Former NSW education minister Adrian Piccoli has called for a commission of inquiry into the way Catholic schools spend public money, saying as a practising Catholic he is "deeply disappointed" with their lack of transparency.
Mr Piccoli said even when he was responsible for approving $500 million in annual funding for Catholic schools in NSW, he had no idea how the money was spent.
He said the NSW Catholic Education Commission submitted a signed one-page form which unlocked $500 million.
"There is no transparency back to government about how Catholic schools spend half a billion dollars of taxpayers' money, there’s just a one-page form – we have no idea how that money is distributed," Mr Piccoli said.
Federal and state governments fund Catholic schools on a needs basis but hand the money to education commissions in each state in a lump sum, which is then distributed to schools around their states.
Mr Piccoli said a commission of inquiry was needed to uncover how public money was being spent in Catholic schools.
His comments come as it was revealed Catholic education authorities are short-changing needy schools to help keep fees low at schools in wealthy areas in Sydney.
"We fought very hard for needs-based funding but I am very disappointed that schools in greatest need in regional NSW are being short-changed to fund schools in more affluent areas of Sydney," Mr Piccoli said.

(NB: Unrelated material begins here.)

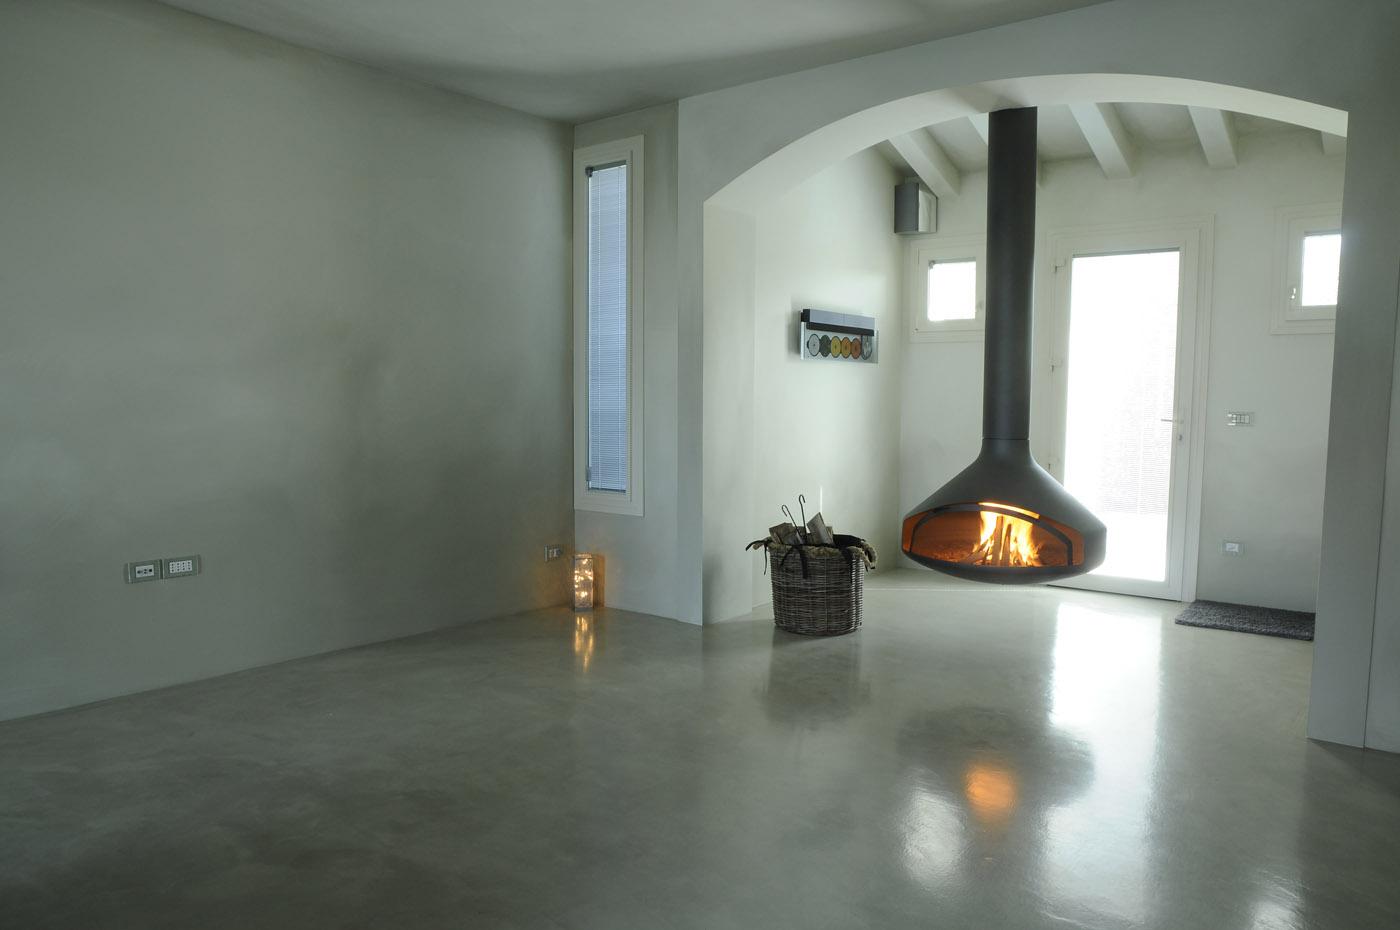 Pavimenti sottili effetto resina parquet pietra leef - Posa piastrelle prezzo al mq ...
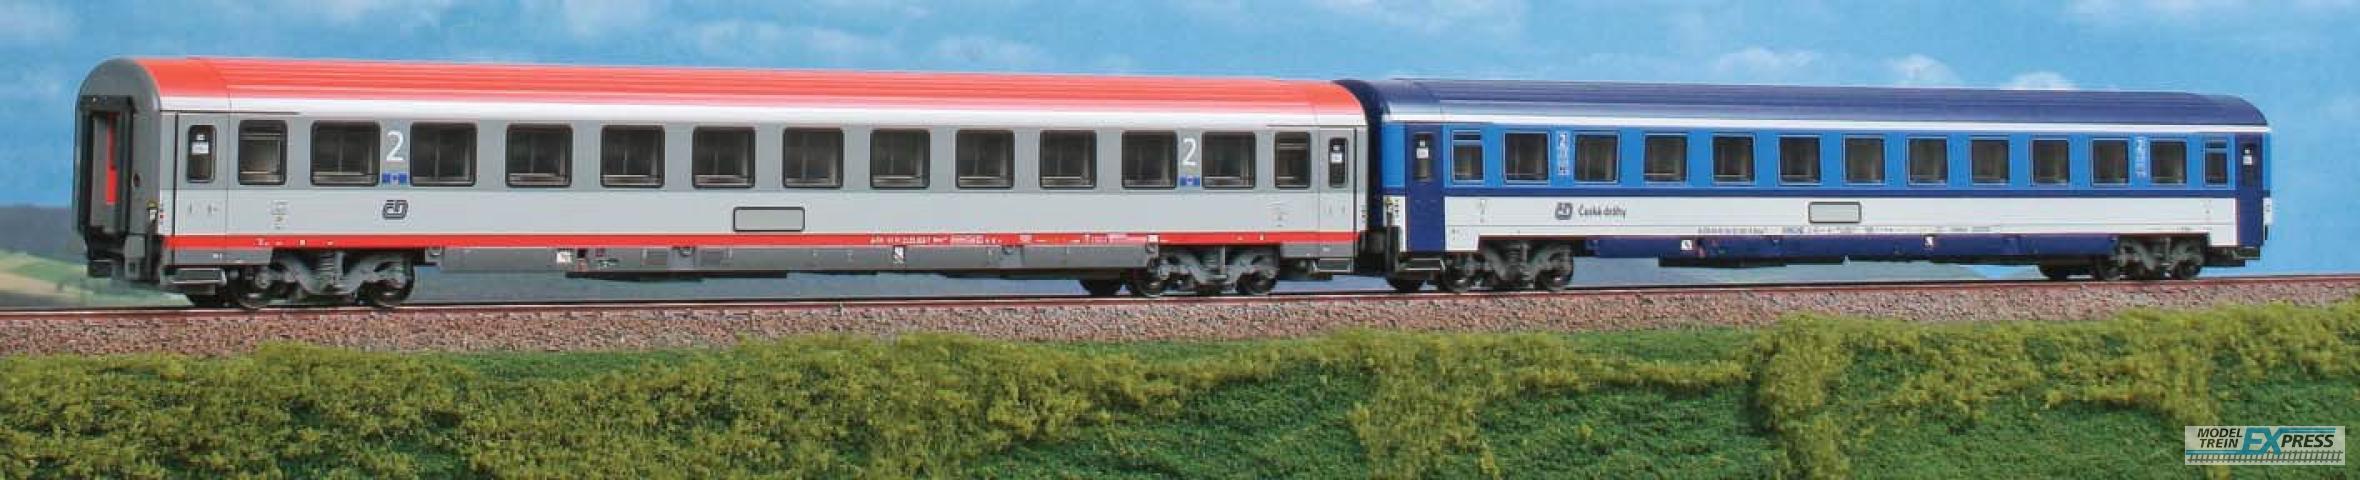 ACME 55172

"As a Catholic, I am deeply disappointed because I expected as a Christian organisation, the Catholic schools would provide the money to the schools and children who need it the most."
Mr Piccoli released figures showing last year, MacKillop College in Bathurst received $836,844 less than its federal government allocation, and St John's College in Dubbo received $493,823 less than its allocation.
In comparison, Sacred Heart Catholic School in Pymble received $412,528 more than its allocation and St Fiacre's Catholic Primary School in Leichhardt received $301,763 above its allocation.
"I think Catholic parents in regional and rural NSW would be outraged when they see how funding is distributed to wealthy schools in Sydney ..." Mr Piccoli said.
The executive director of Catholic education in the Parramatta diocese, Greg Whitby, said the lack of clarity around the federal government's new funding model had left parents very anxious about possible fee rises.
The National Catholic Education Commission has estimated fees could increase by up to $6000 at some schools.
Mr Whitby disputed claims that some schools were running large surpluses at the expense of others.
"That is simply not true. Every year, we set aside funds to build new schools in areas of high demand," Mr Whitby said.
"While we are grateful for the small amount of government money we receive to build new schools, we have to meet the costs of land purchase as well as building and development costs. A single secondary school costs more than $50 million. We also need to renovate and renew existing schools."